Dans le même ordre d’idée, on insistera sur l’individualisme dominant chez l’auteur (sans doute sous l’influence de Rawls). Les rapports entre générations sont définis comme des rapports entre des individus. La génération n’est pas appréhendée dans son contexte général, sur le fond d’une humanité en devenir. Plus précisément, on est frappé par la définition de la génération : ce n’est qu’un ensemble d’individus (p. 15 et 32), une cohorte de naissance, comme pour les démographes. Nous sommes en plein nominalisme : seuls existent des individus, que l’on peut rassembler en de simples collections, selon le critère conventionnel et purement extérieur d’une même année de naissance. Comment un individu peut-il se sentir responsable de sa propre génération et des autres générations, s’il n’a pas la conscience de faire partie d’une génération, conscience qui se définit toujours dans un contexte historique et culturel ? Quant à la responsabilité collective, qui est nécessairement en jeu dans une recherche sur la justice entre les générations, l’auteur reconnaît qu’il n’est pas en mesure d’en développer une approche plausible (p. 303).
Responsabilité, mais aussi solidarité, mentionnée par l’auteur comme la meilleure réponse possible aux handicaps (p. 67). Cette notion, telle qu’elle est formulée par le sociologue Léon Bourgeois (1851-1925) – discuté par ailleurs – suppose un dépassement du strict individualisme ; une relation et un sentiment d’appartenance à un même groupe social, dont la génération est l’une des formes possibles. La solidarité suppose une connivence et des liens qui font d’une génération plus qu’une somme d’individus. Enfin, le souci, maintes fois évoqué, des plus défavorisés que chaque génération doit prendre en charge, renvoie bien à un principe de justice, mais d’une justice qui s’appuie sur une fraternité, un décentrement, une ouverture aux autres.

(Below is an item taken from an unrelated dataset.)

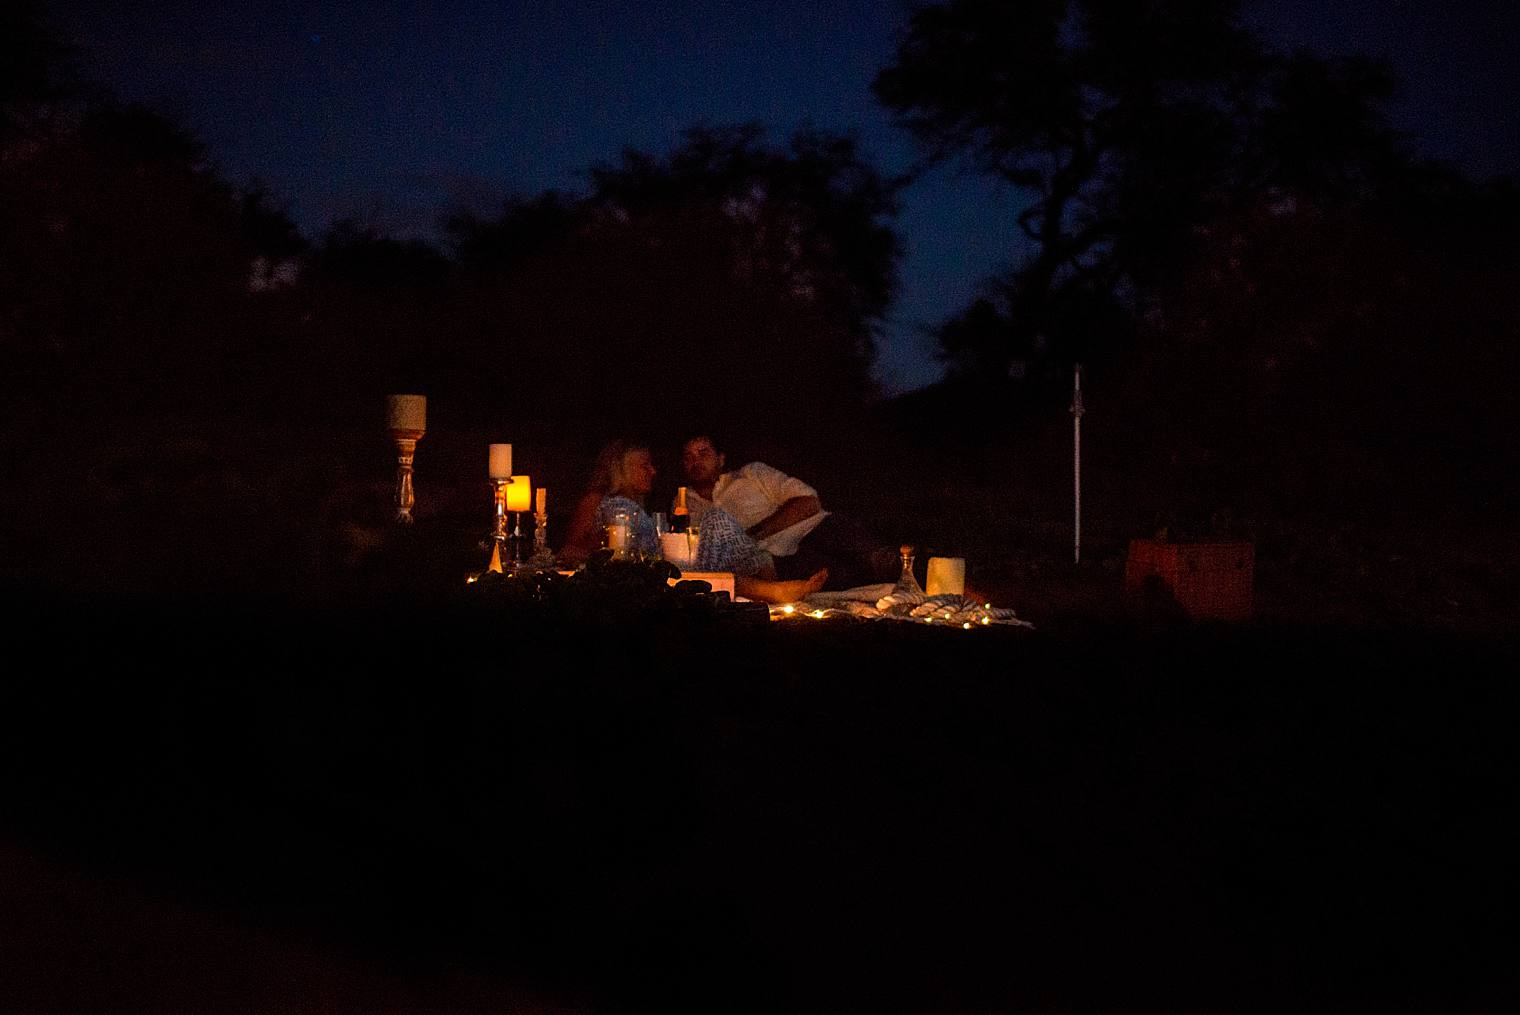 candlelit romantic picnic at night

Bref, pour penser la justice entre les générations, il faut penser la génération elle-même. Si l’on reste attaché à la notion d’individu, il faut le poser non dans un superbe isolement, mais dans sa relation constitutive aux autres individus. Il faut a minima reconnaître l’intersubjectivité humaine, le fait que chaque être humain tient son existence et son identité des autres êtres humains. Le « je » suppose un « tu » et s’ouvre sur un « nous ».
Ces remarques critiques n’enlèvent rien à la valeur de ce livre. Il a d’abord le grand mérite d’exister et de traiter un sujet particulièrement difficile. Il s’applique ensuite et réussit à débroussailler des questions enchevêtrées. Sa lecture ne peut être que profitable. •
Arnaud Lechevalier et Georges Levesque
[1]
Voir L.
Chauvel,
Le destin des générations. Structure sociale et cohorte en France au xxe siècle, Presses Universitaires de France, 2
ème édition, 2002.
[2]
Pour des approfondissements sur ces points voir A.
Gosseries, « What do we owe the next generation(s) ? »,
Loyala of Los Angels Law Review vol. 35, 2001, p. 293-354.